A series of horrendous homicides by sex predators is ringing alarm bells in our society. Whenever the government comes up with measures to fight sexual assaults against both children and adults, they just don’t seem to work. It is time to come up with more concrete and detailed plans to put an end to these sex crimes and their fatal fallout.

In a residential area of Gwangjin District in northern Seoul, a 41-year old man with 12 previous convictions stabbed a woman to death Monday after she fought back when he tried to rape her in her own home. The next day, a man in his 30s randomly killed a man with a knife in Suwon, Gyeonggi, after failing to rape a woman in the neighborhood. An ex-convict with 11 past criminal offenses, he committed the horrible crime 43 days after being released from seven years in jail for rape. The two killers have one thing in common: they have criminal records.

The most shocking thing of all, however, is that the murderer in Seoul committed the crime while wearing an electronic monitoring device on his ankle. This exposed serious problems with the use of the bracelets as sex offenders’ whereabouts are reported to the police only when the bracelets are damaged or removed. In the case of the killing in Suwon, the prosecution’s request for that ex-con to be fitted with an electronic bracelet was put on hold by the Constitutional Court after he petitioned for a review of the legitimacy of the request because he was convicted prior to the law to put bracelets on ex-convicts.

The two murders reveal the limits of universal application of anti-crime measures. Law enforcement agencies have so far focused on stricter punishment for sex criminals. They must pay more attention to devising effective measures to closely monitor the behavior of ex-convicts, particularly those with records of sex offenses. Currently, about 100 personnel are keeping watch on a total of 1,026 ex-convicts with bracelets on their ankles for sex crimes or murders.
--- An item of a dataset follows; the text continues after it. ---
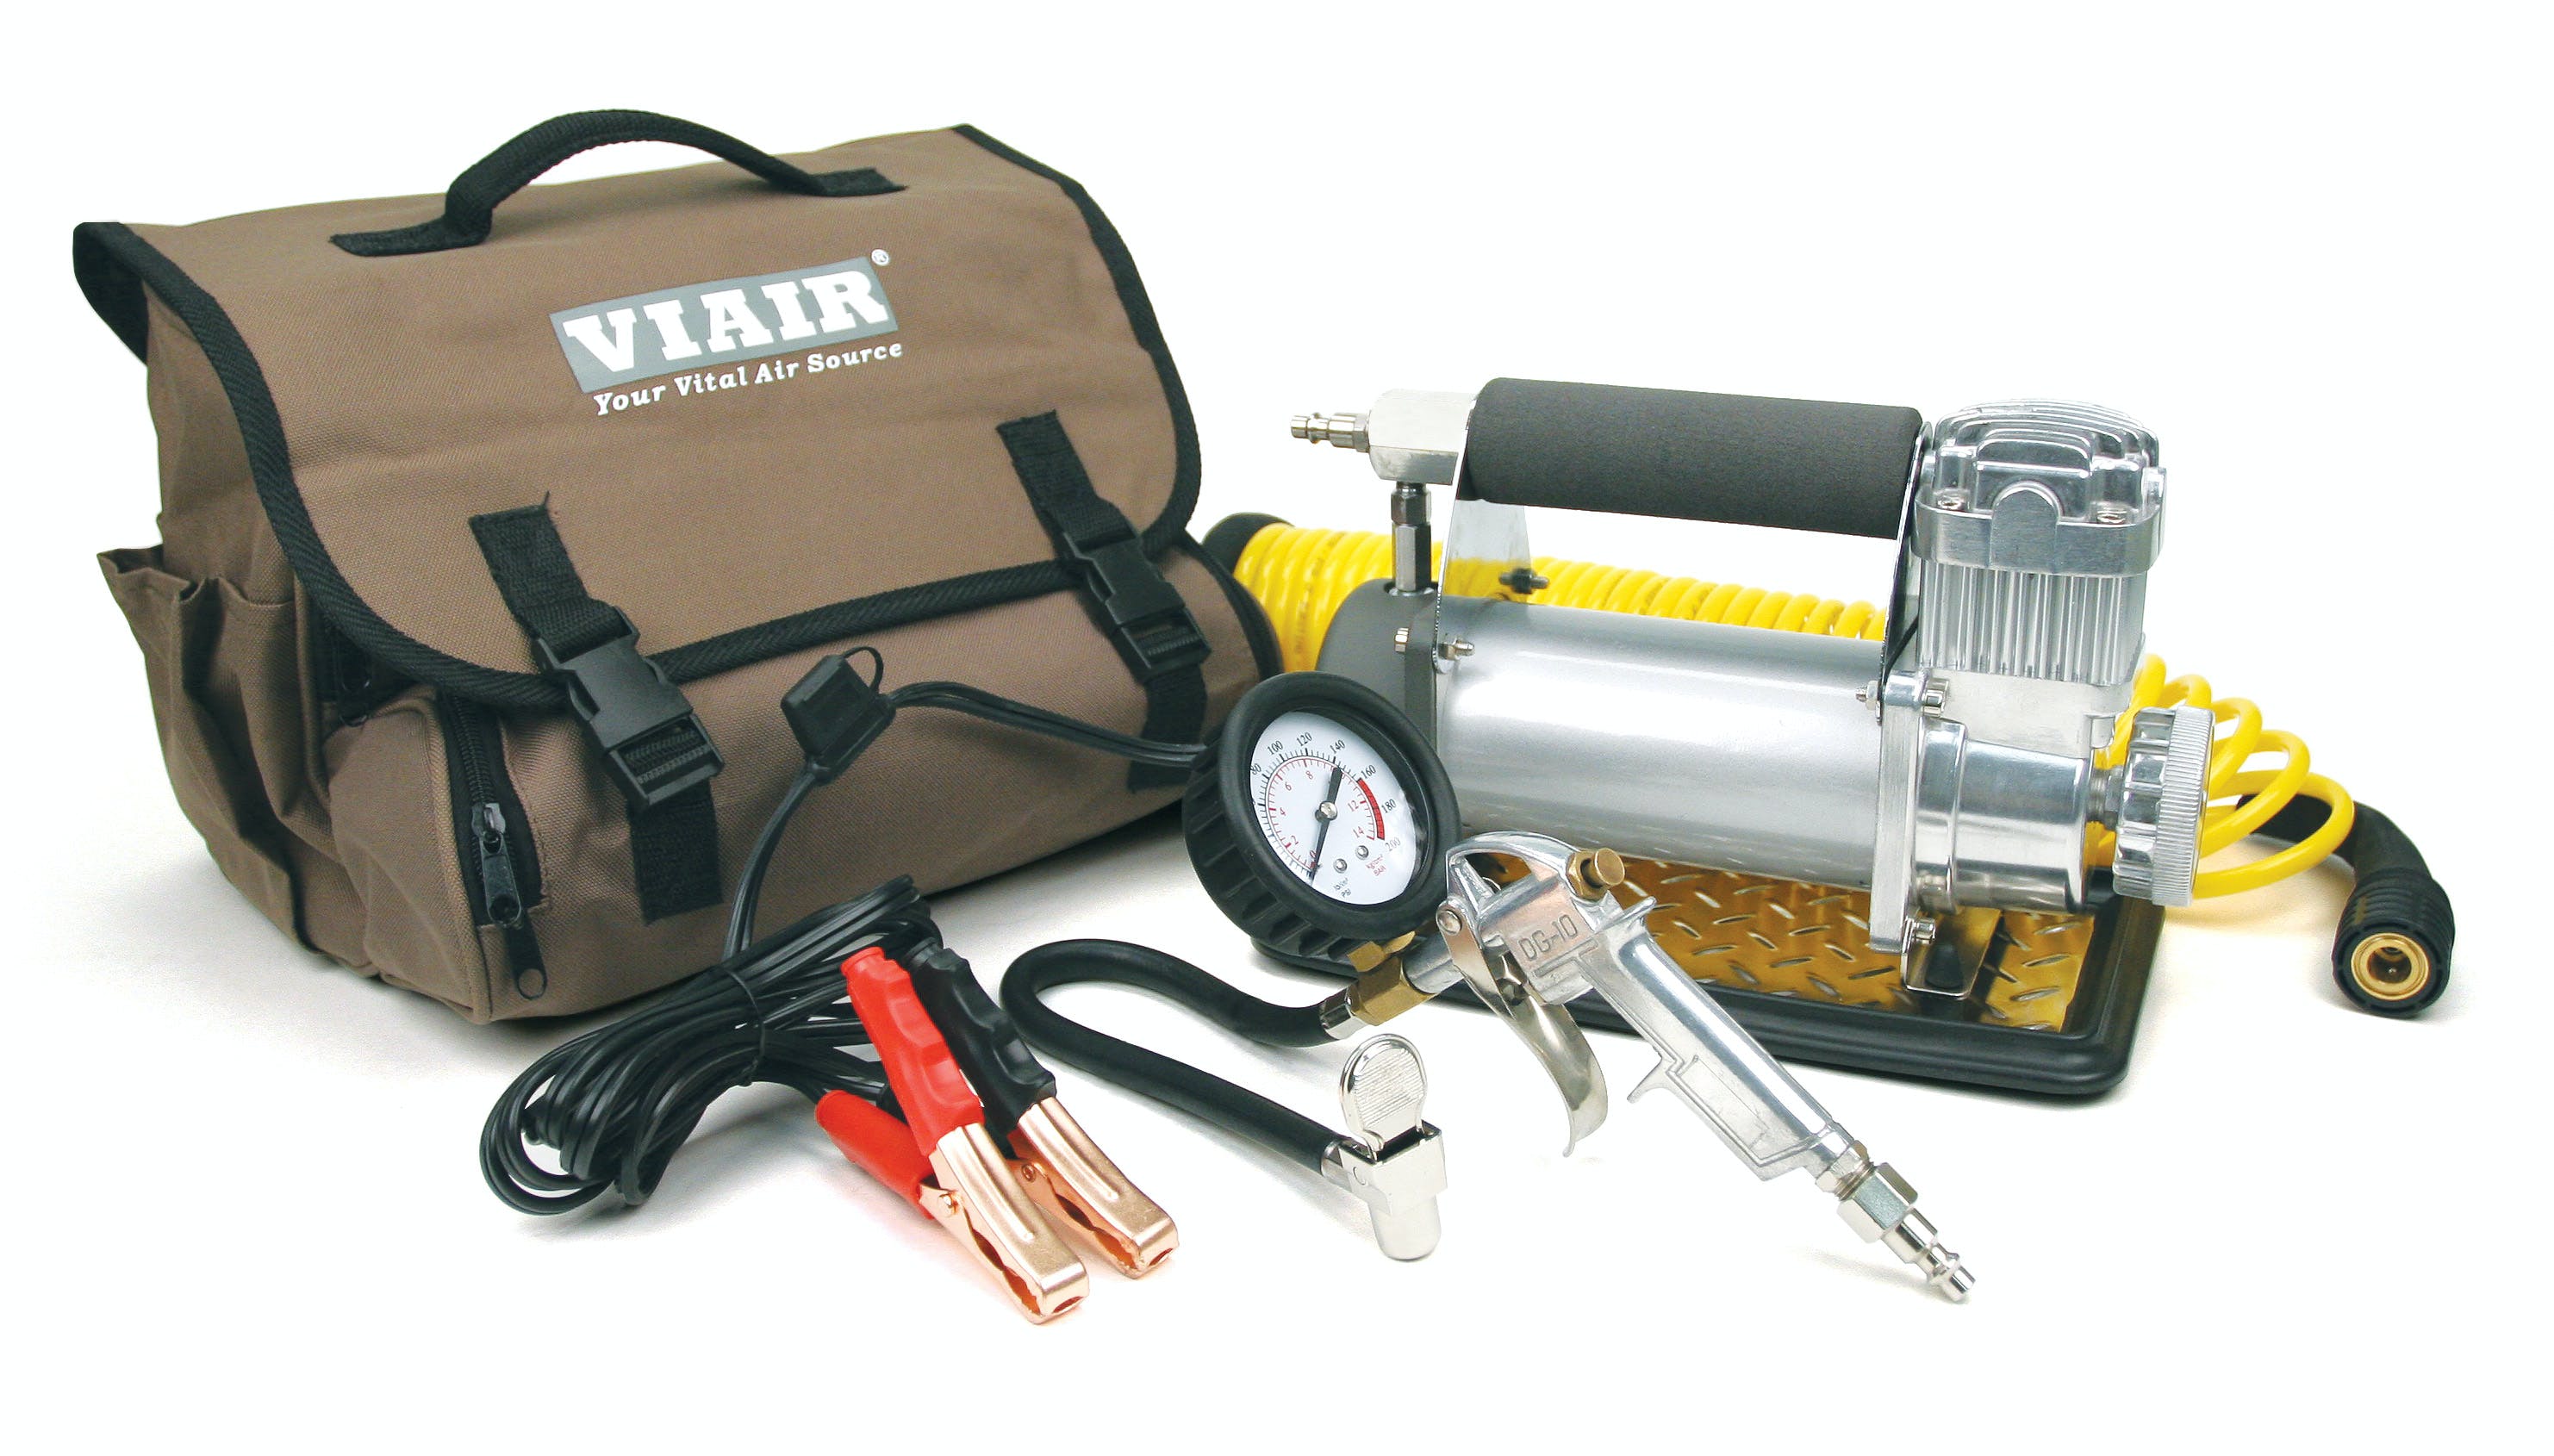 VIAIR 40045 400P-A Automatic Portable Compressor Kit 33% Duty  40 Min. @ 30 psi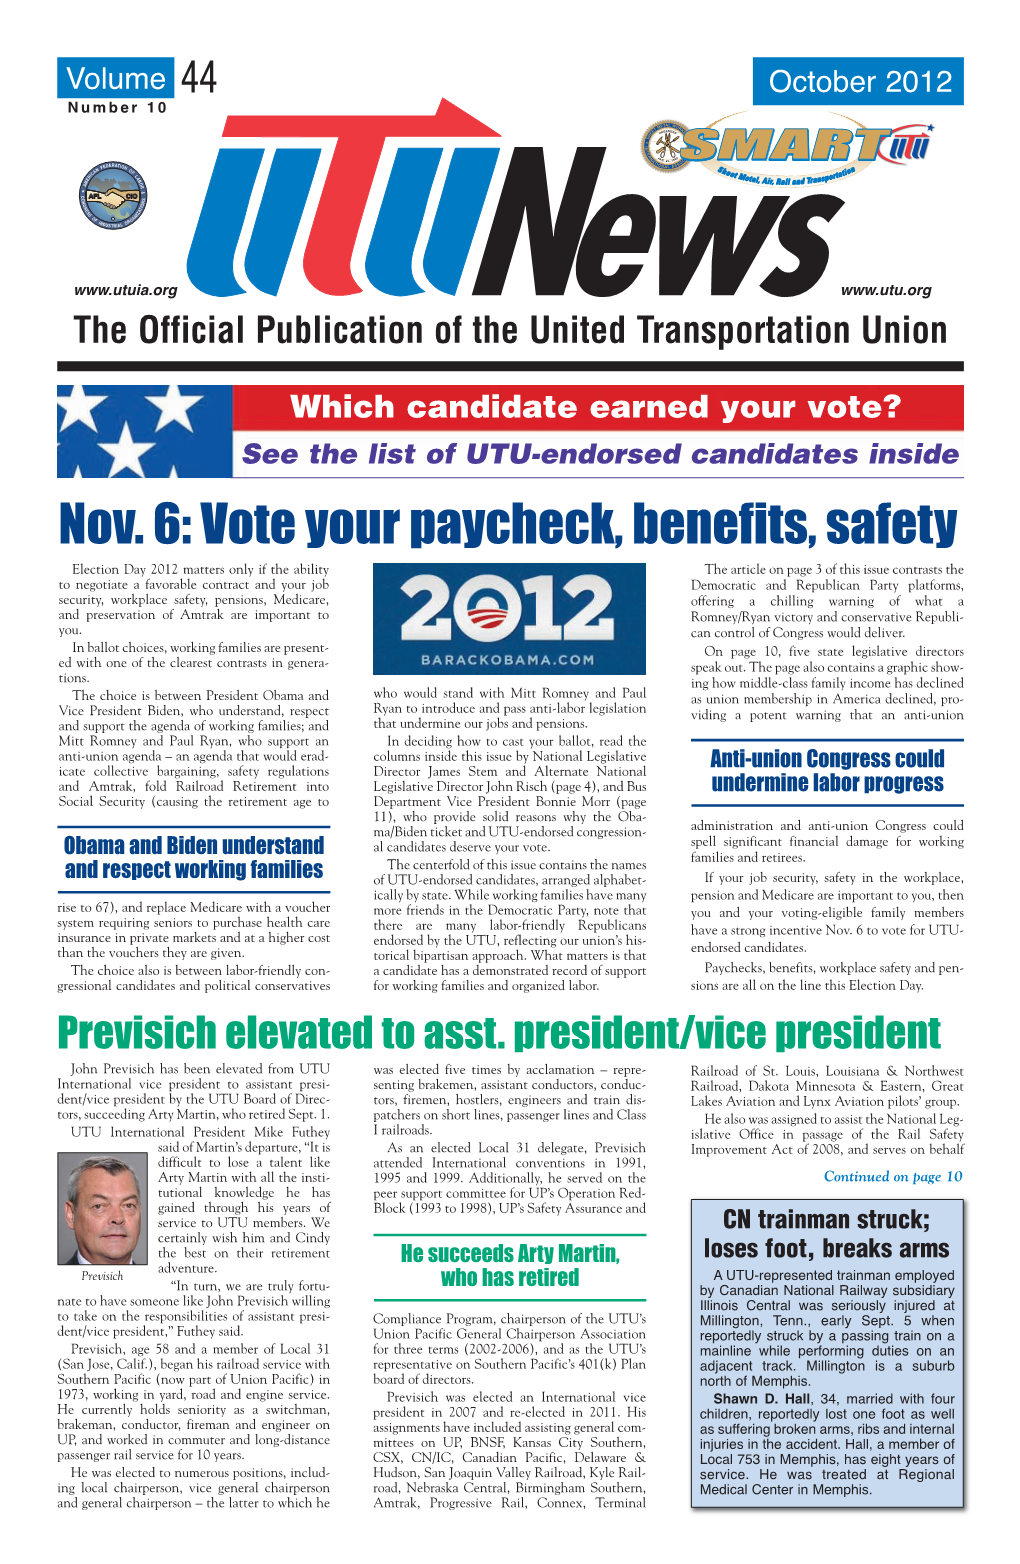 October 2012 SMART Transportation Newsletter

They must be allowed to share their information with the police, and there also needs to be a drastic increase in the budget for monitoring.

The Ministry of Justice also must improve its rehabilitation of criminals through intensive counseling and psychotherapy, especially for exceptionally menacing ex-convicts. Without such efforts, the vicious cycle of sexual predators engaging in heinous homicides once released back into society will continue.